◆ EXERCISE AIM ◆
Reproduce from the records below, with no pictures, exactly the lines between the one containing "Sea leggings by steamedbun on Threadless" and the one containing "Alternate Image 1", inclusive.

◆ GIVEN DATA ◆
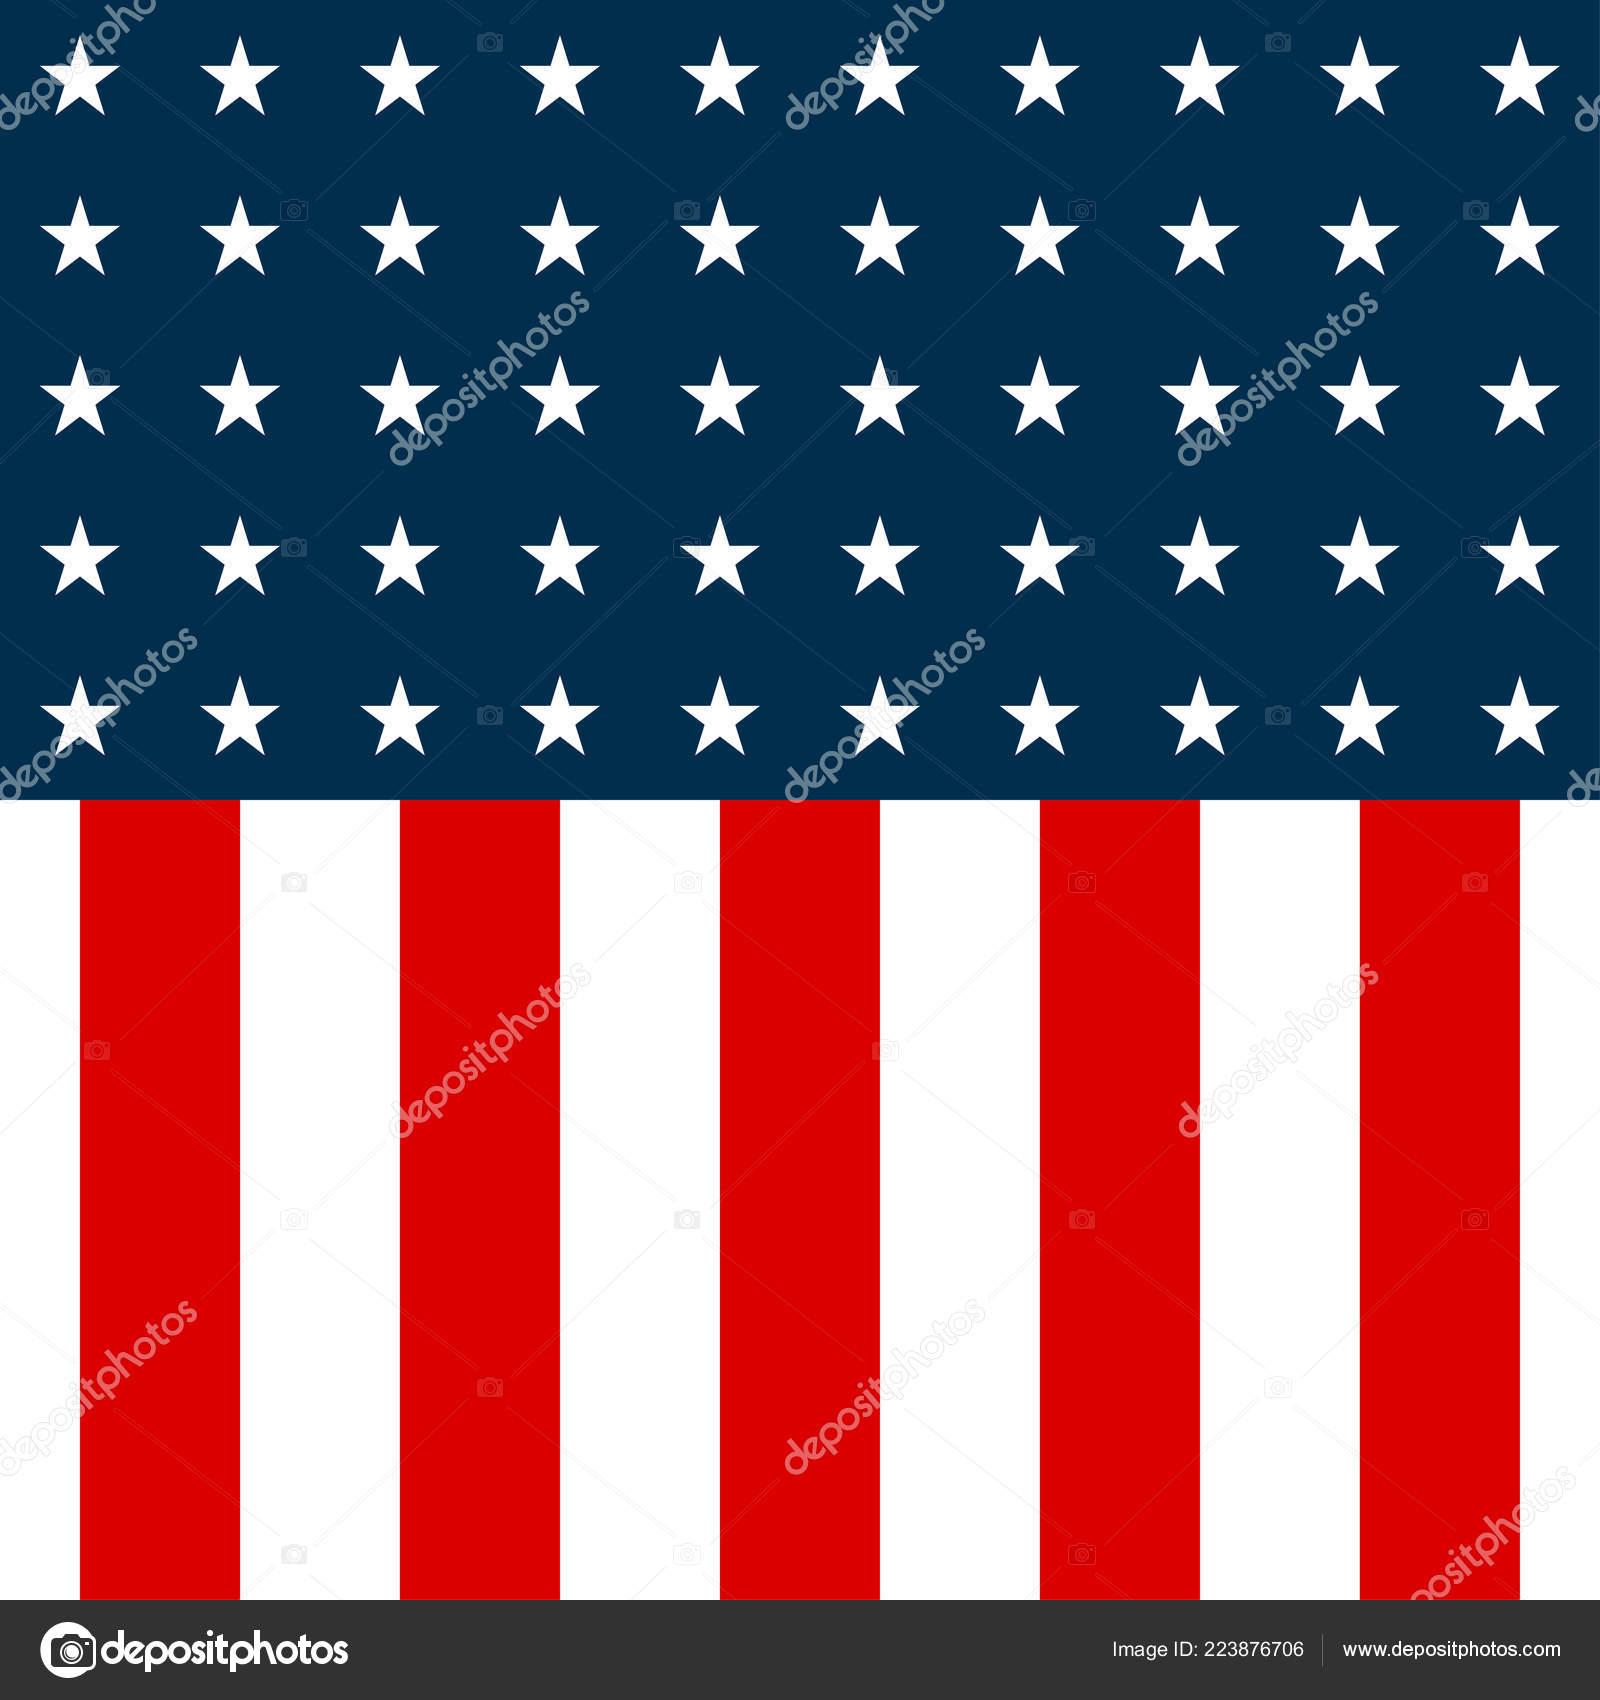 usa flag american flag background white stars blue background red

--

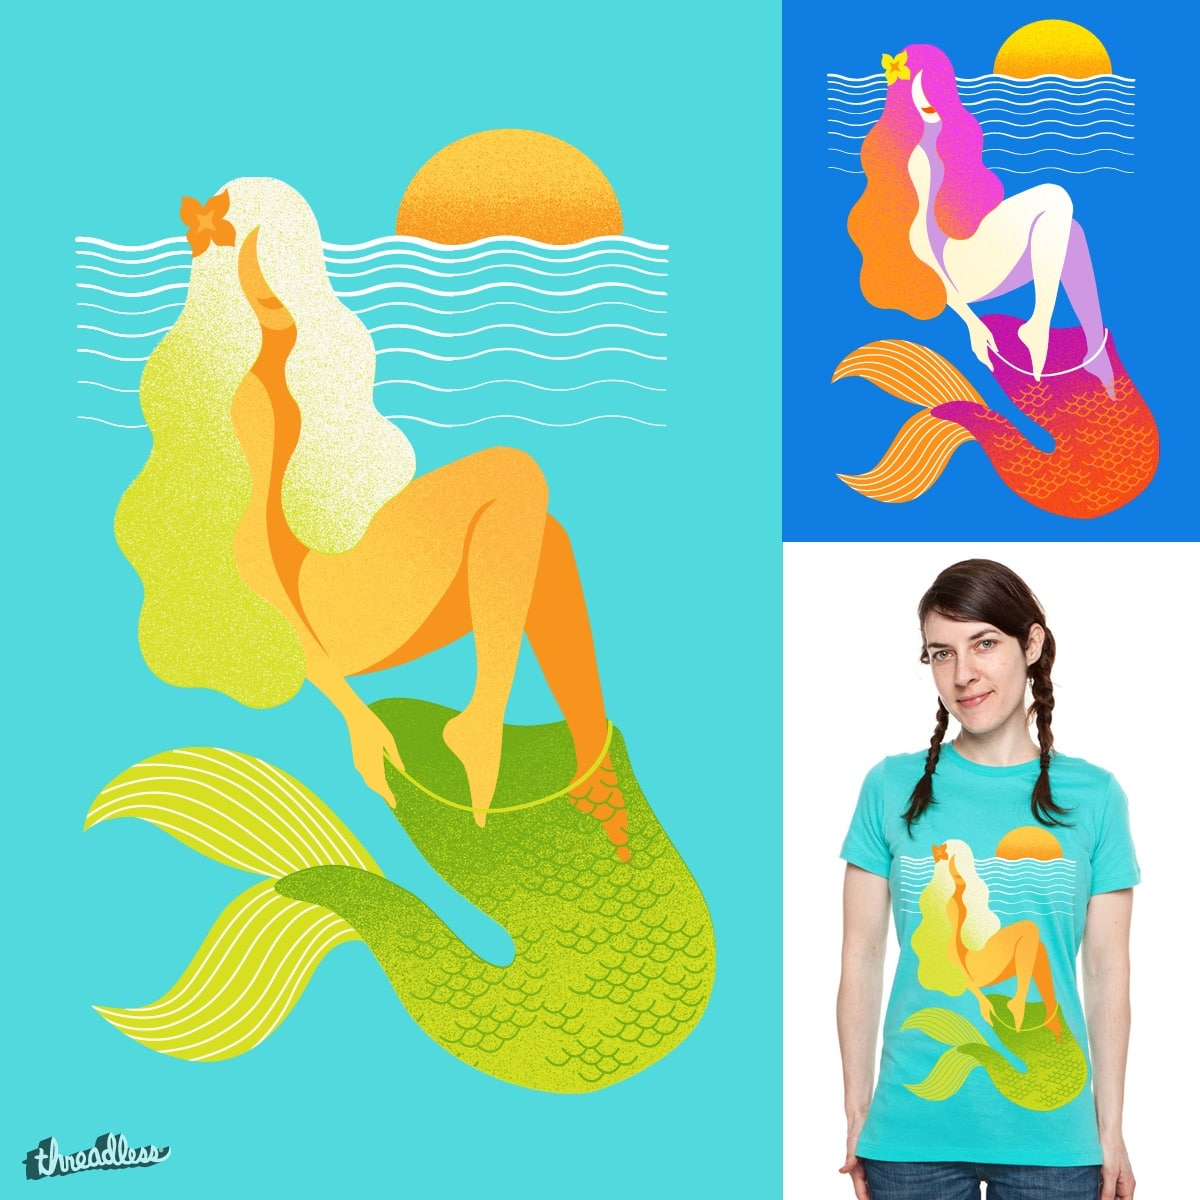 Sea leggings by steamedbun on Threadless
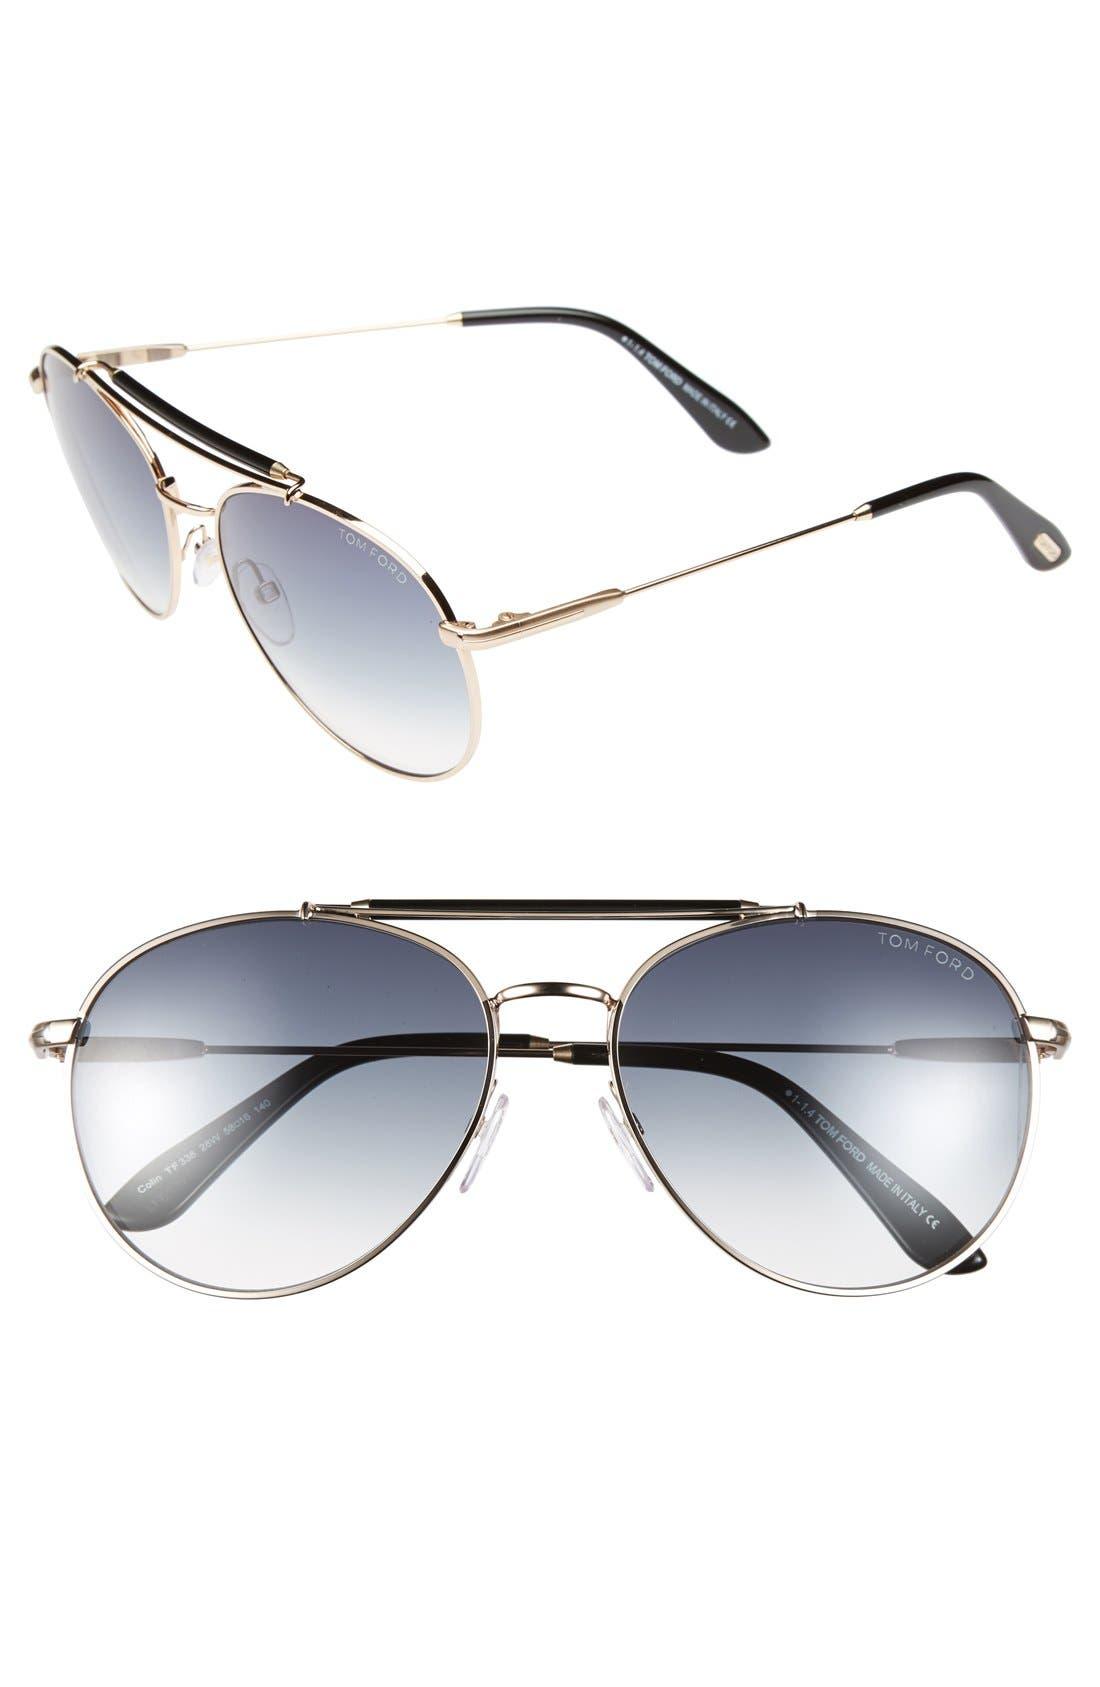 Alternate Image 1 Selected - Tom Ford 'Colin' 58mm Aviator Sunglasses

...

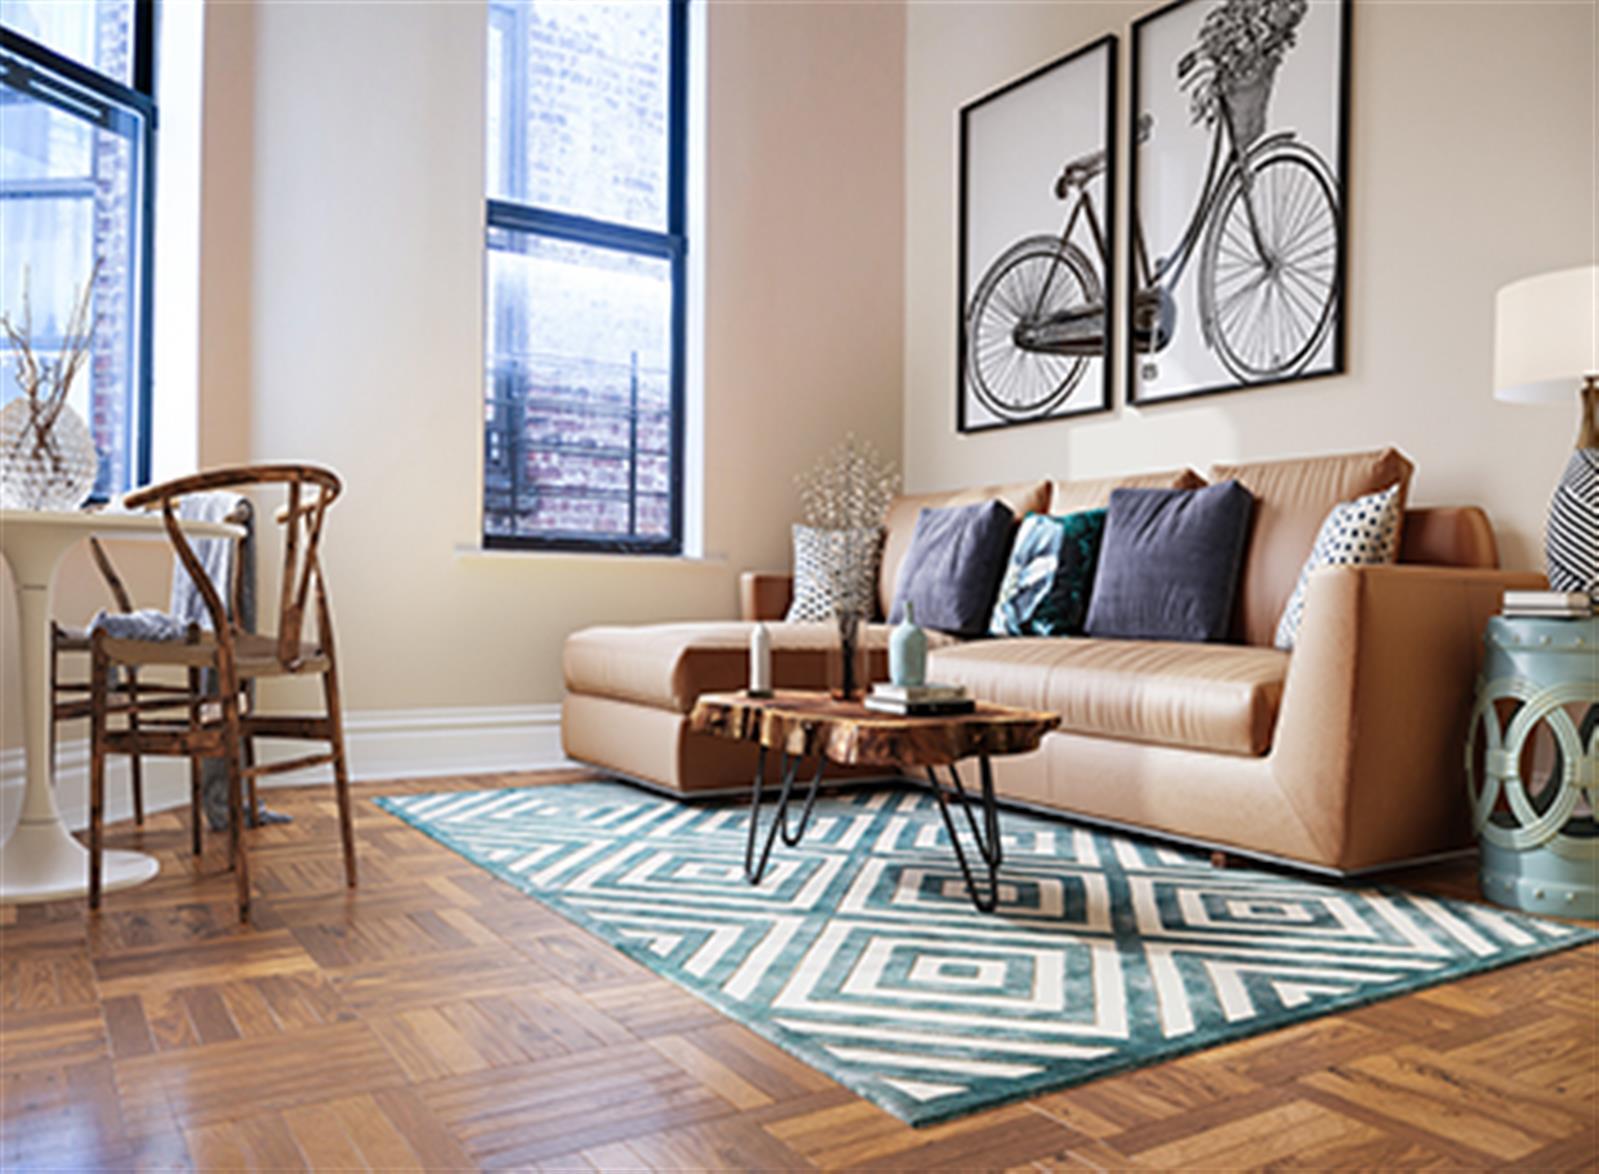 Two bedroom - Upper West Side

◆ COMPLETED EXERCISE ◆
 Sea leggings by steamedbun on Threadless
 Alternate Image 1 Selected - Tom Ford 'Colin' 58mm Aviator Sunglasses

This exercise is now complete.